Provided material:
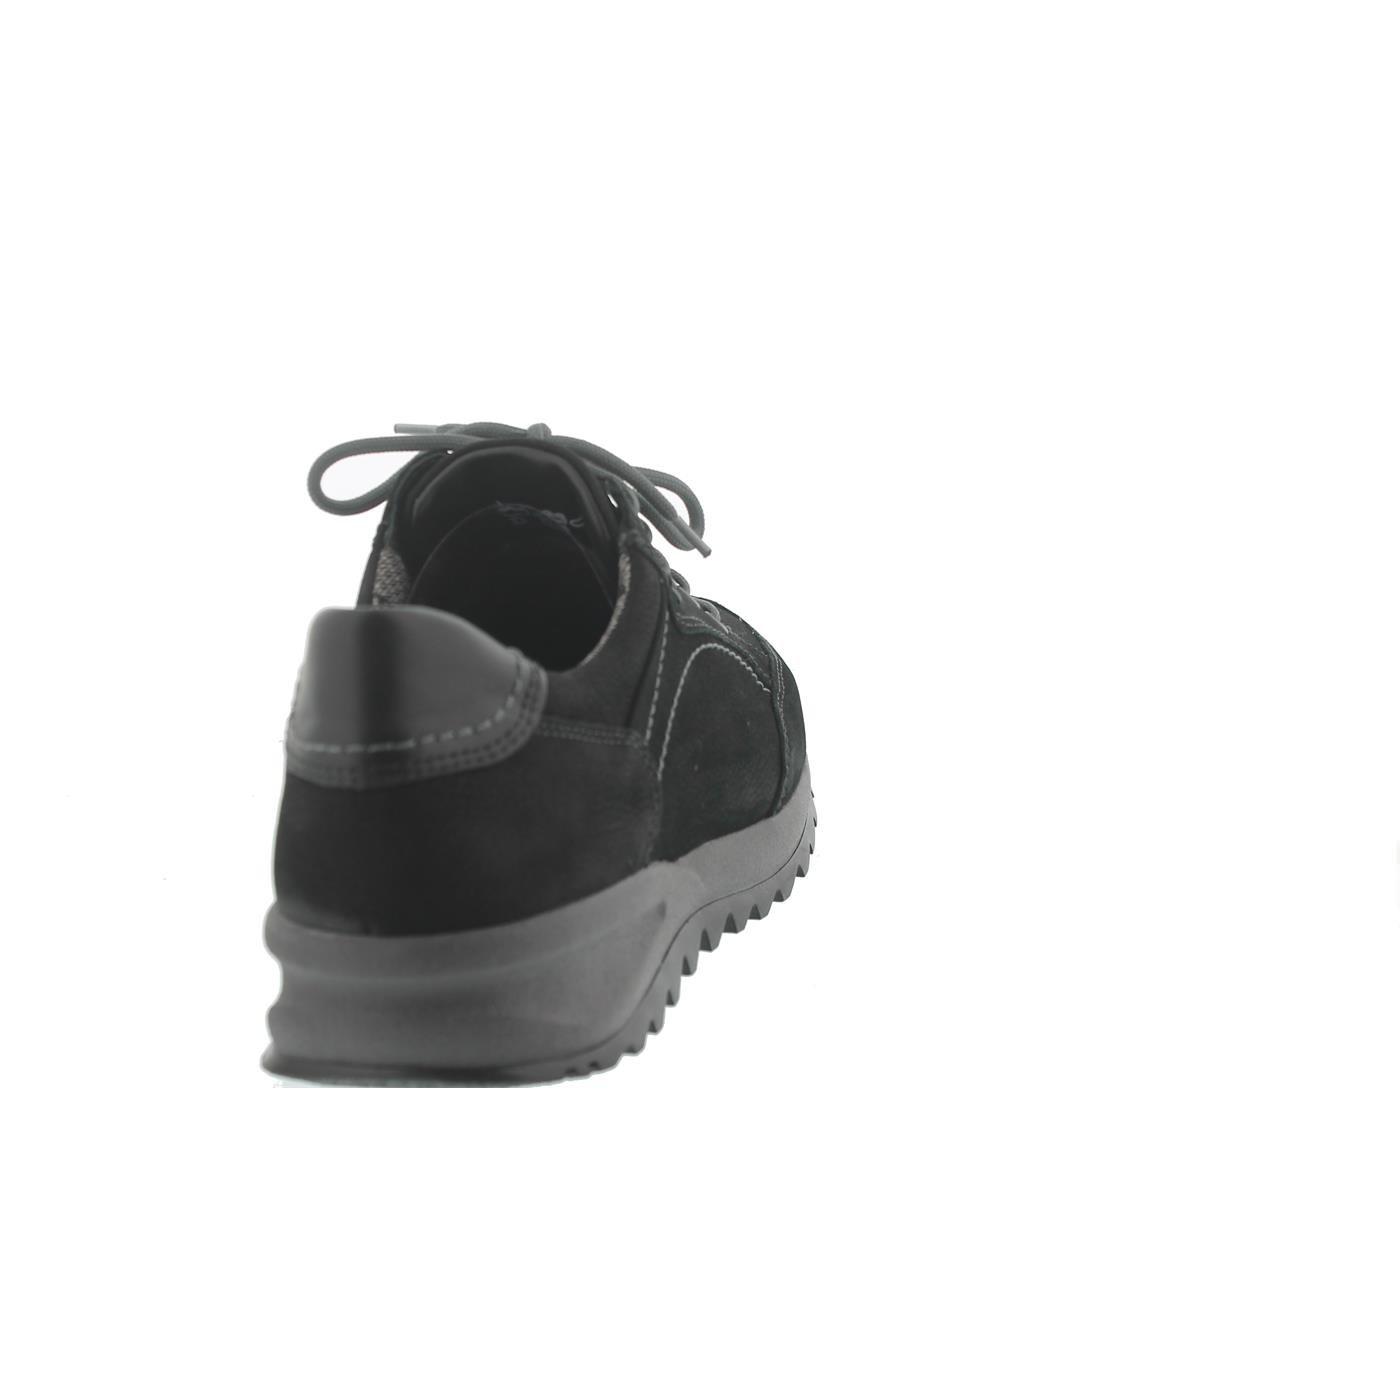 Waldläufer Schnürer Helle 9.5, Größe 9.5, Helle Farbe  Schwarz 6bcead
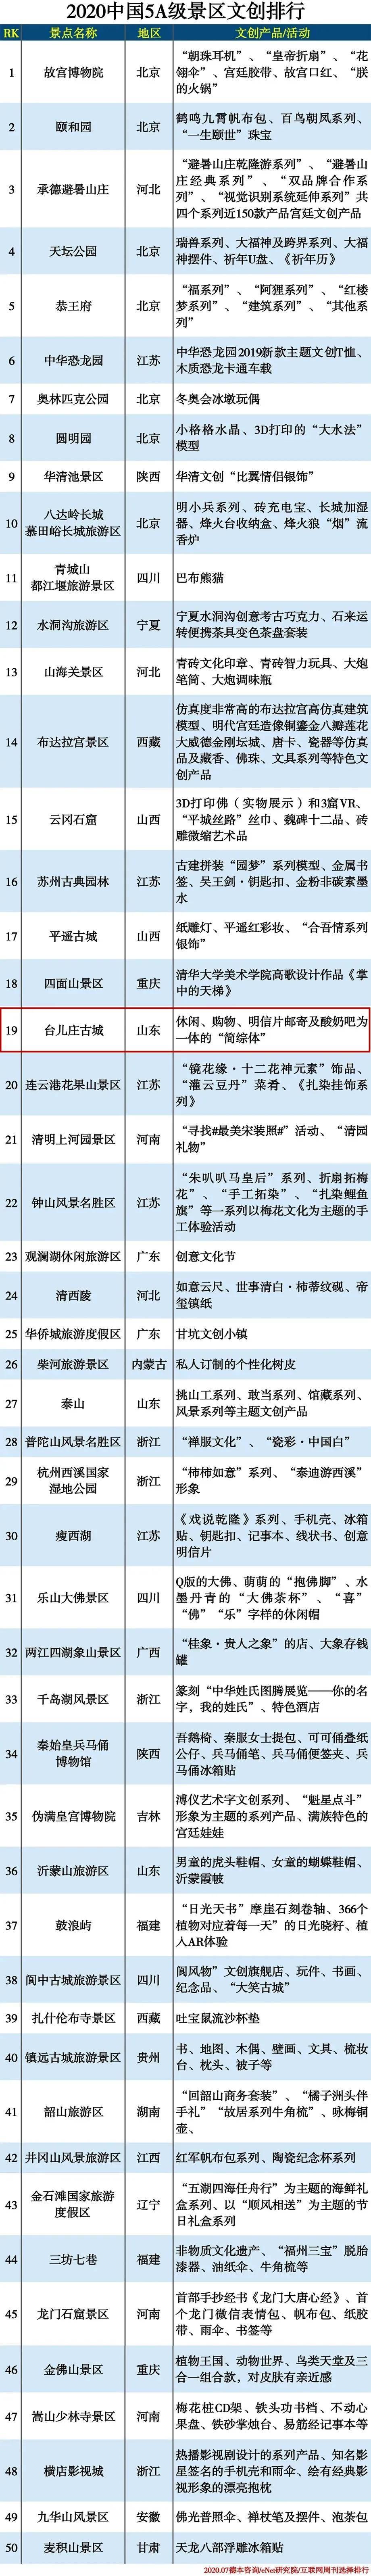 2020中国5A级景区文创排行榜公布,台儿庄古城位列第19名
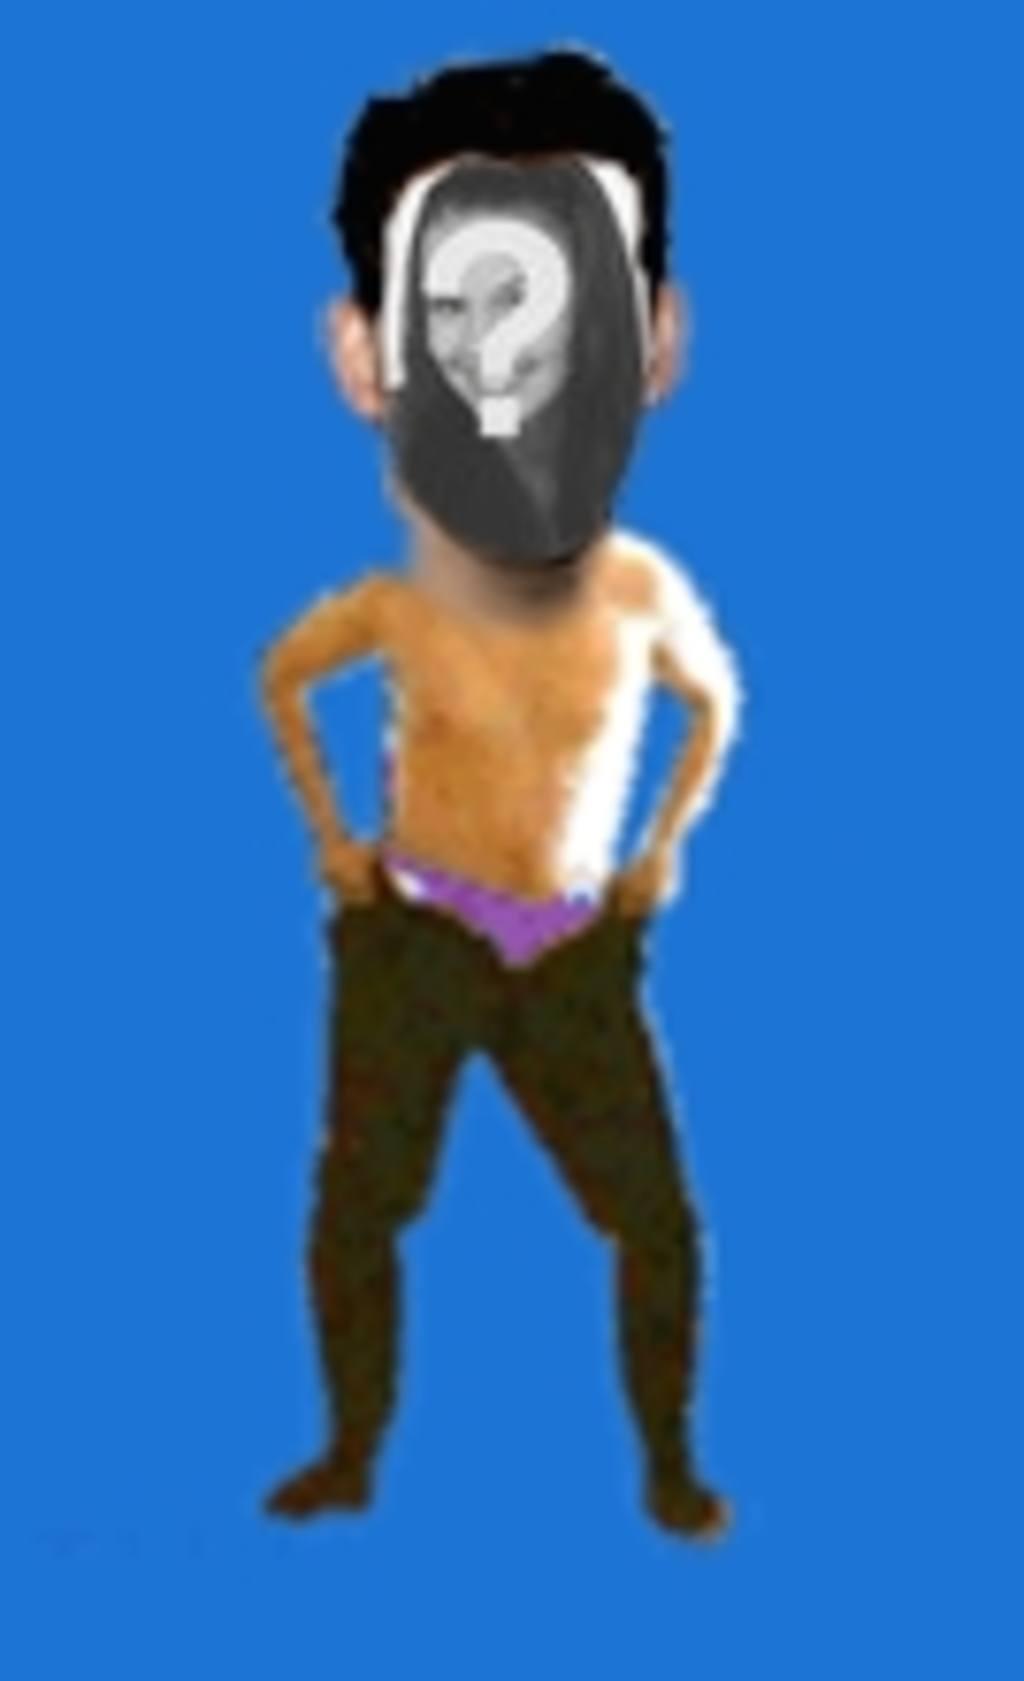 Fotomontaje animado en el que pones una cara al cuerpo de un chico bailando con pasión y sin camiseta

Your assignment: Without including any pictures, print all of the material exactly as given.

Response to this task:
 Waldläufer Schnürer Helle 9.5, Größe 9.5, Helle Farbe  Schwarz 6bcead
 2020中国5A级景区文创排行榜公布,台儿庄古城位列第19名
 Fotomontaje animado en el que pones una cara al cuerpo de un chico bailando con pasión y sin camiseta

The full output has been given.